When you look at the general quality of health care, we know that there are hospitals that cater to a larger proportion of the dual-eligible population that do worse on a lot of different quality measures,” Jain said. Similarly, home health agencies and nursing homes that serve more dual-eligible patients have lower rankings than those that do not, which means socioeconomically disadvantaged older adults may be receiving poorer rehabilitation and recovery care once they’re discharged from the hospital, she said.

To investigate these structural issues, Jain is now studying the role rehabilitation plays in the health outcomes of older patients. “Rehabilitation has been shown to be instrumental in improving function,” she said. “We’ll be looking into whether socioeconomically disadvantaged patients are getting adequate rehab and whether there are differences in rehab programs that may explain these health disparities.”

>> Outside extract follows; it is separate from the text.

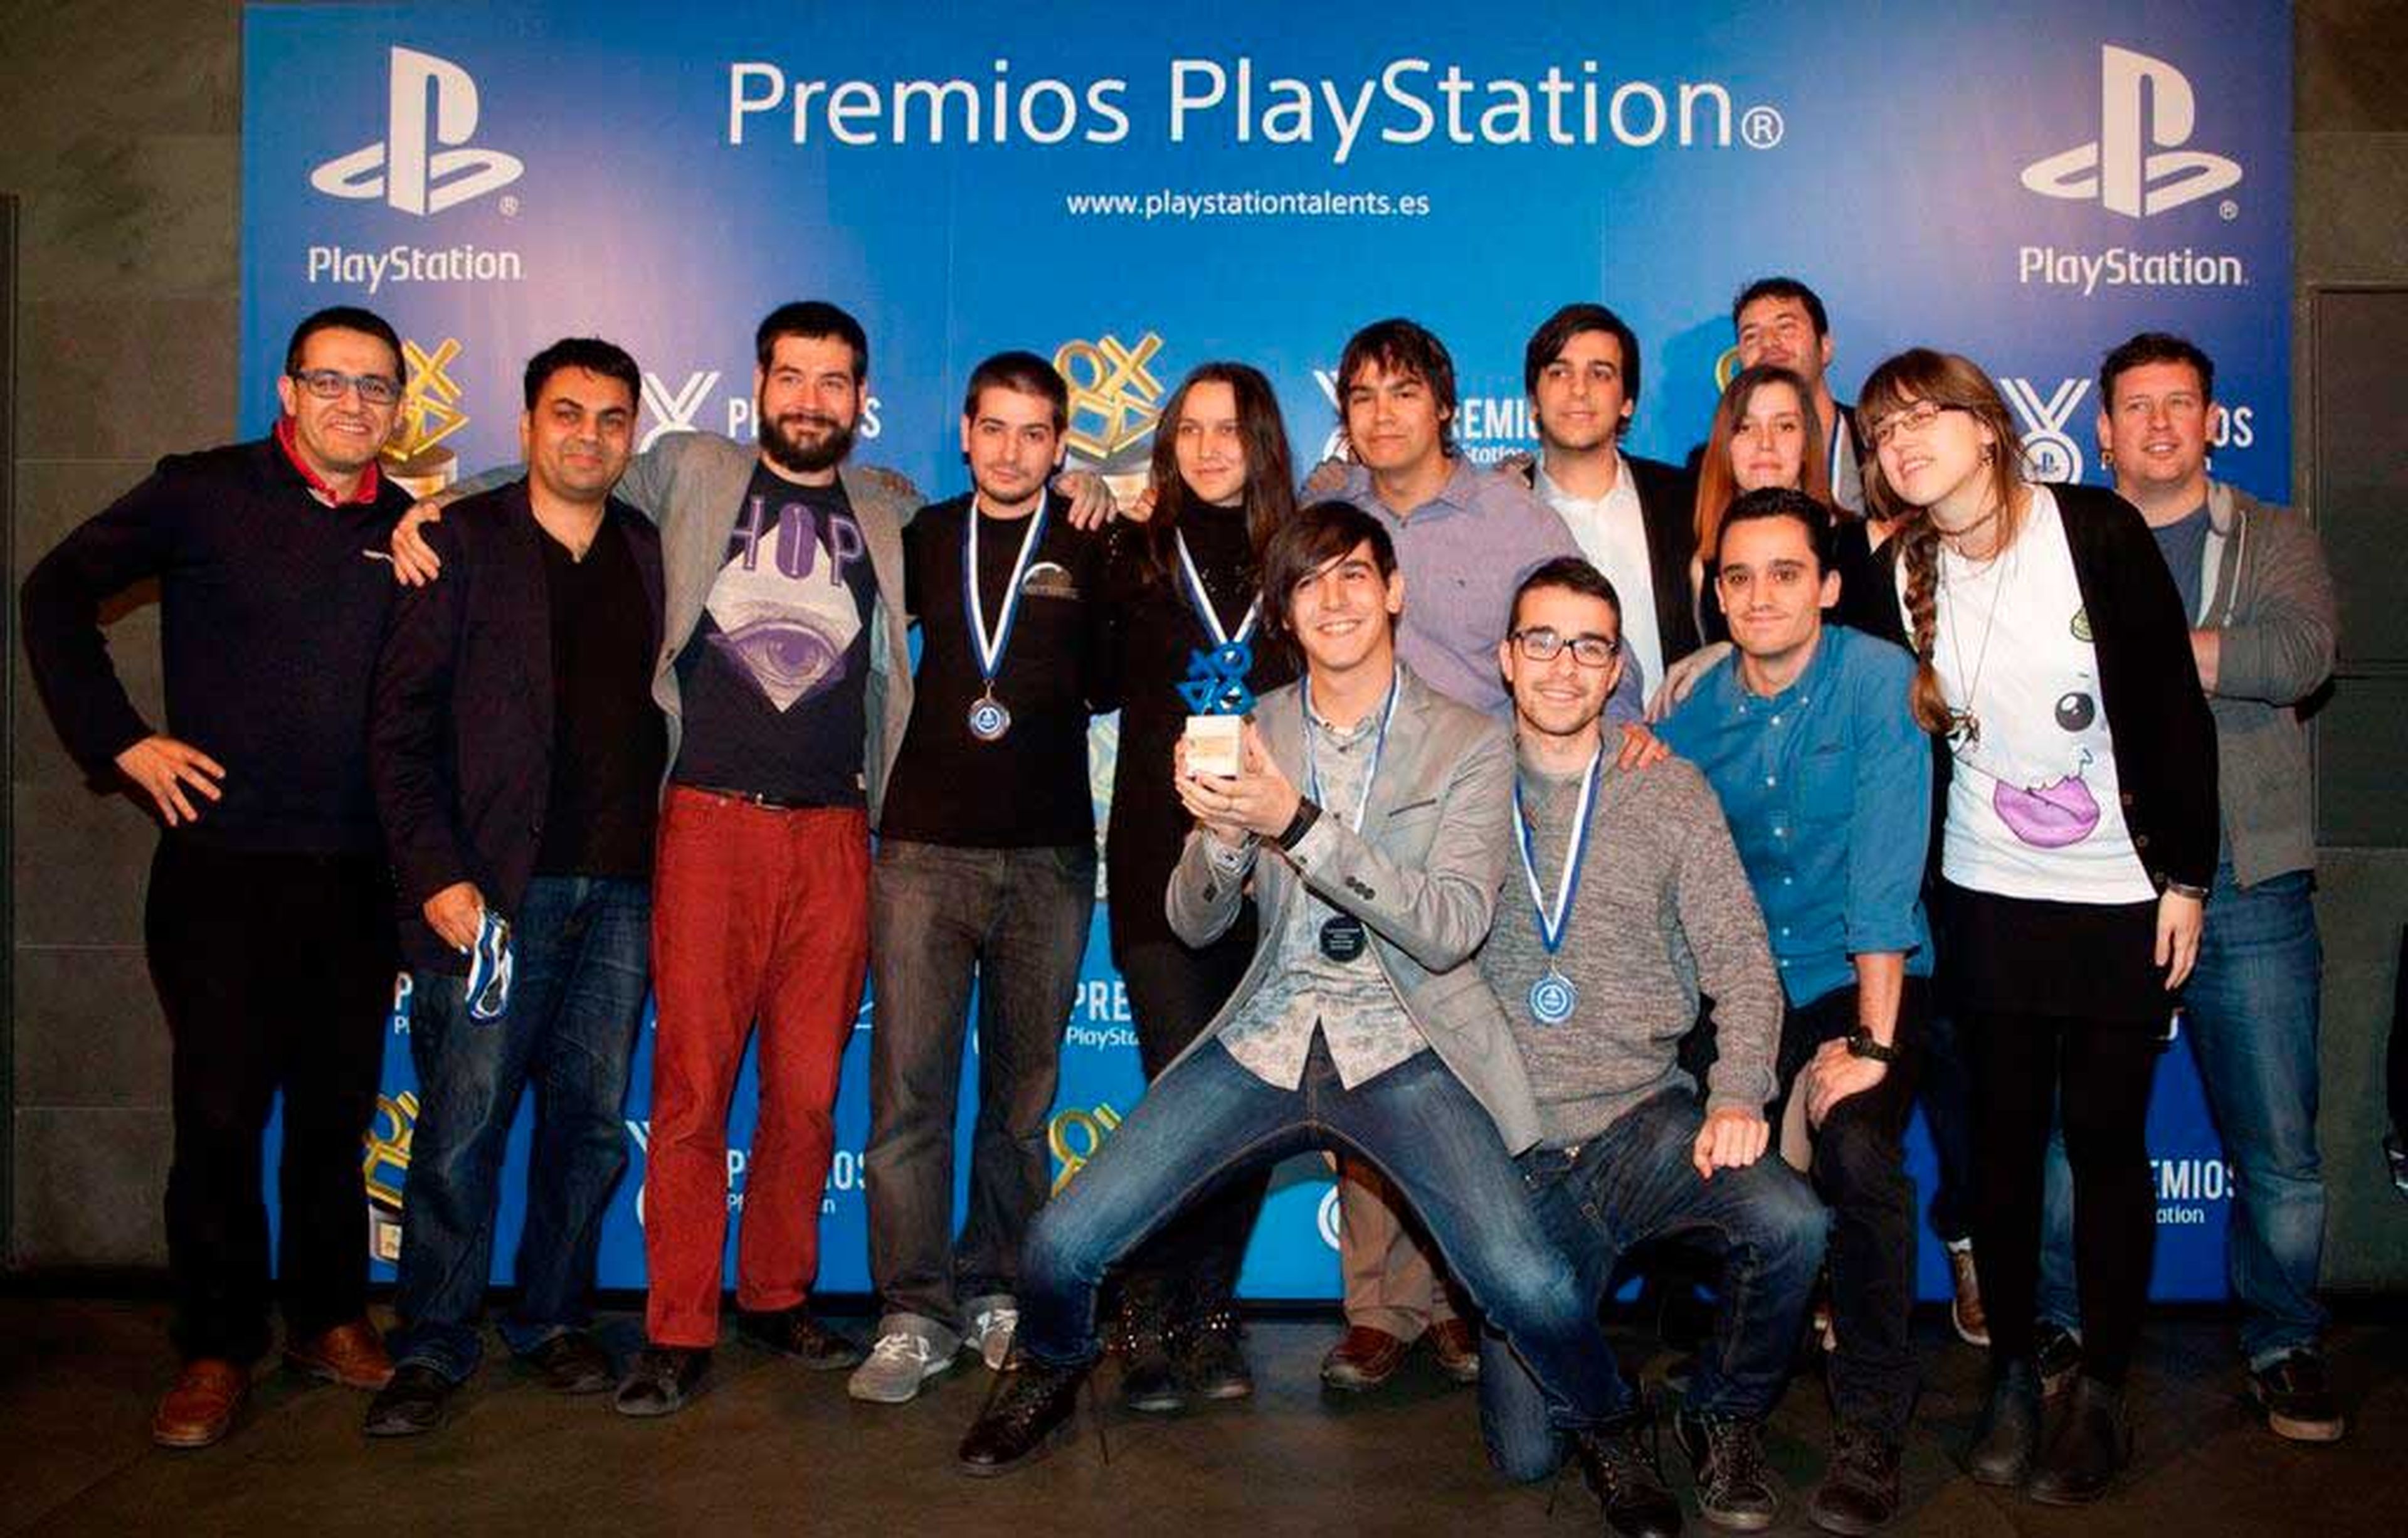 Mikel, rodilla en tierra, junto a sus compañeros de Moon Factory el día en el que recibieron el galardón al Juego Más Innovador en la 2ª Edición de los Premios PlayStation.

Uncovering and addressing the underlying causes is key, say the researchers. The elderly population is growing and the U.S. Census Bureau projects the United States will have more than 85 million people 65 years of age or older by 2050, almost double what it was in 2012 (43 million). Ferrante says that with more older adults and worsening income inequality, the disparities uncovered in this study could get worse and have severe downstream implications.

If you come out of an ICU and you cannot recover your physical or cognitive function in the year afterwards, chances are that’s going to lead to loss of independence, more nursing home stays, increased health care costs, and, possibly, more readmissions and hospitalizations that are bad for the patient and bad for the health care system at large,” she said.

In the meantime, said Jain, hospitals should do more to ensure socioeconomically disadvantaged older adults have the support they need to recover after a critical illness. “We have identified this population that’s doing worse,” she said. “We need to pay attention to them.”